Edited to add: I really, REALLY like having a good light mounted to my helmet to be able to illuminate the direction I am looking at. If you just have one mounted on your bike handlebars or stem, it only points in that one direction. With one on your helmet, you can look ahead on a curve or along an upcoming sidestreet for other vehicles/pedestrians/etc.

Personally, I'm of the school that the more lights, the better. It seems like you'd be more likely to regret having too little lighting rather than regretting having too much lighting? Good riding to ya and stay safe!


----------



## velocanman (Jul 15, 2011)

Any bright taillight is generally good enough. I like to clip the tail light onto my back helmet strap sometimes. I think it is more visible there, and the motion of your head also helps alert drivers.

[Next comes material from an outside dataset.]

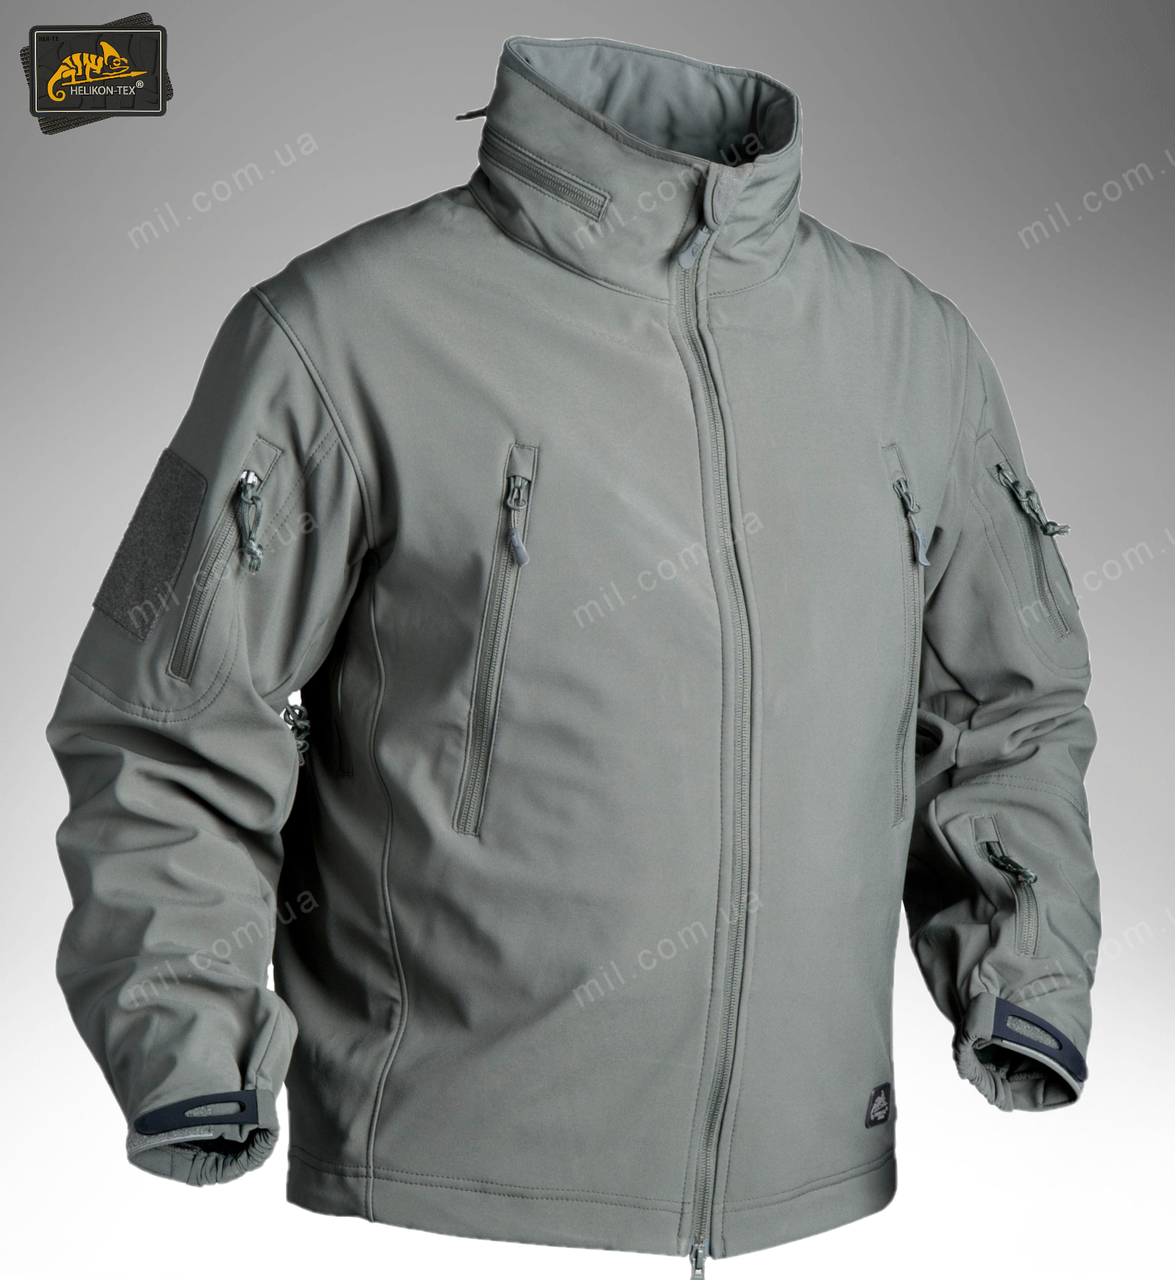 Демисезонная тактическая куртка Helikon-Tex® GUNFIGHTER Windblocker® Soft Shell (foliage green)

I also second that less front lighting is needed when riding through town. If the roads are lit enough with street lights I will use a couple LED white lights strapped on the handlebars and set to blink. 

Amazon.com: Mini Fluke LED Bike Light Combo Pack (White and Red): Sports & Outdoors

If you need them to see and ride by, something brighter is recommended.


----------



## tednugent (Apr 26, 2010)

2012 Bike Lights Shootout | Mountain Bike Review

See that link on RBR's sister site.


----------



## mikeny278 (May 14, 2012)

Are Magicshine lights available anywhere? 

This may be a stupid question, but how do you attach a light to your helmet? Are lights made for that purpose or are you rigging the setup?

What lumens are recommended for dark mornings riding on the street? Until reading this thread, I was going to get a Bontrager Ion 2 which has 22 lumens...


----------



## mikeny278 (May 14, 2012)

Geoman Gear's website says game over - they have closed up shop it appears. What is a good alternative?


----------



## savagemann (Dec 17, 2011)

mikeny278 said:


> Are Magicshine lights available anywhere?
> 
> This may be a stupid question, but how do you attach a light to your helmet? Are lights made for that purpose or are you rigging the setup?
> 
> What lumens are recommended for dark mornings riding on the street? Until reading this thread, I was going to get a Bontrager Ion 2 which has 22 lumens...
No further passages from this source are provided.